Robert Marks, Contributing Writer
The New York Yankees are all but mathematically eliminated from 2014 playoff contention. They fell short of making the playoffs last year as well, making it the first time since 1994 that the Yankees have missed the playoffs in consecutive seasons.
The 2014 season started out as promising as any for the Yankees. They had done a seemingly terrific job acquiring all-star free agents Jacoby Ellsbury, Brian McCann, Carlos Beltran and Japanese phenom, Masahiro Tanaka. Together, these four players would cost the Yankees over $75 million in 2014 to go along with a payroll totaling over $200 million, which is second highest among major league teams.
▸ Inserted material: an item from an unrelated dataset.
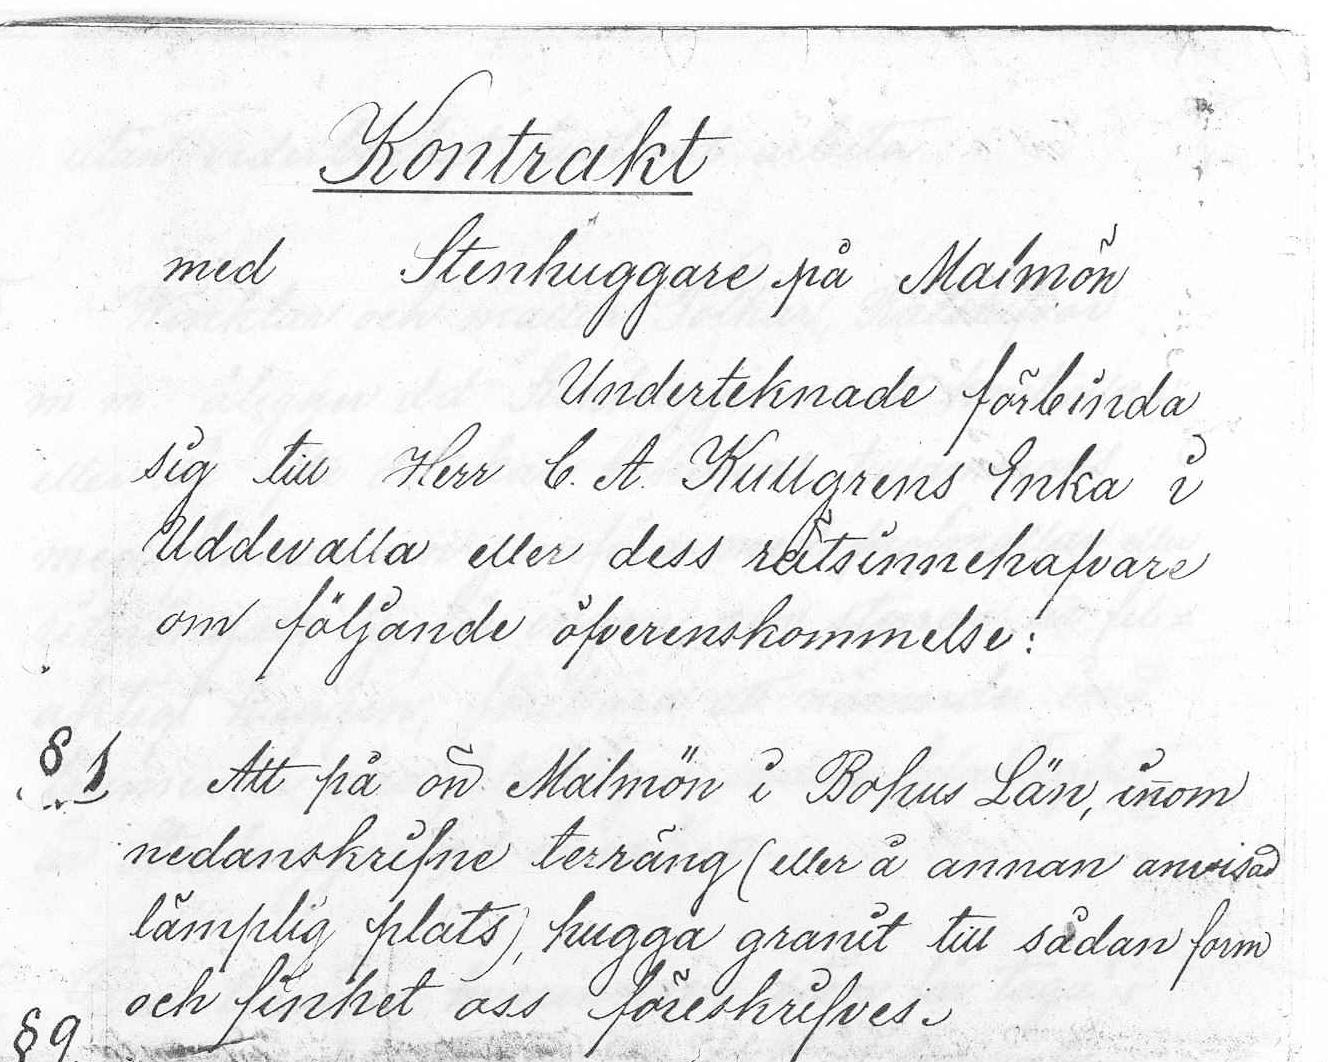 24 Kontrakt för Stenhuggare

But since the Yankees are one of the most profitable franchises in all of professional sports, paying for their stars is no burden on the franchise.
Let’s get into the problems the Yankees have hit in this grueling and seemingly endless 162-game baseball season. First and foremost, the Yankees failed to re-sign superstar second baseman, Robinson Cano. Cano had consistently put up all-star numbers for the Yankees throughout his career and continued to do that for the Seattle Mariners in 2014. General Manager Brian Cashman understood the loss at the time but told the public that his free agent signings would make up for Cano’s absence. The problem is, they did not. Beltran has been in and out of the starting lineup all season. Tanaka has missed more than two months with an elbow injury, and Ellsbury is limping to the finish line after a statistically nightmarish season. McCann has been a bright spot as of late, but had a miserable start to the year.
All year the Yankees have had difficulty scoring runs. Their team pitching has been surprisingly spectacular, which is the only thing that kept them from getting blown out night after night. They have the fewest home runs as a team since 1995 and the fewest team RBIs since 1981.
So what must the Yankees do to salvage next season and beyond? That’s the million-dollar question. First of all, it’s time to get rid of General Manager Brian Cashman. He has reigned over the Yankees offseason acquisitions since 1998 and has taken complete control since the death of long-time owner George Steinbrenner in 2008. Hal Steinbrenner (son of George) should step up and lead the Yankees this offseason. Derek Jeter is retiring at the conclusion of the season, putting an end to the core of Yankees who dominated baseball, winning four championships from 1996 to 2000.
Next on the list of people who should be fired is hitting coach Kevin Long. Long has been doing his job for the Yankees since 2007. He’s widely accepted as one of the best hitting coaches in baseball, however, when a team struggles like the Yankees had in 2014, it’s time to make a change.
Once the Yankees clean house in the managerial and coaching departments, they need some offseason acquisitions and more specifically, they need offense. Dodger’s shortstop Hanley Ramirez will become an unrestricted free agent at the end of the 2014 season. Ramirez would be a great fit for the Yankees even though he’s had injury problems in recent years. Also with Jeter retiring, the Yankees could use a solid hitting shortstop to fill his shoes. Next, Alex Rodriguez is set to return in 2015. Rodriguez is a year removed from playing baseball and five years removed from producing a solid offensive season. With that said, the Yankees need to make a bid at Nelson Cruz. Cruz is a power-hitting left fielder and would do wonders for the Yankees offense.
Sadly the free agent pool is not great this offseason. But the Yankees have their own players who need to be re-signed. Signing late season pick-ups Chase Headley and Brandon McCarthy will be key to making a playoff run next year. Re-signing their closer, David Robertson, and starting pitcher, Hiroki Kuroda, will help the pitching staff out as well.
Money is no issue for the New York Yankees. They must spend money to sign key players and squeeze out a few more wins next season. If they perform to their abilities, the Yankees will once again compete for a World Series title in 2015.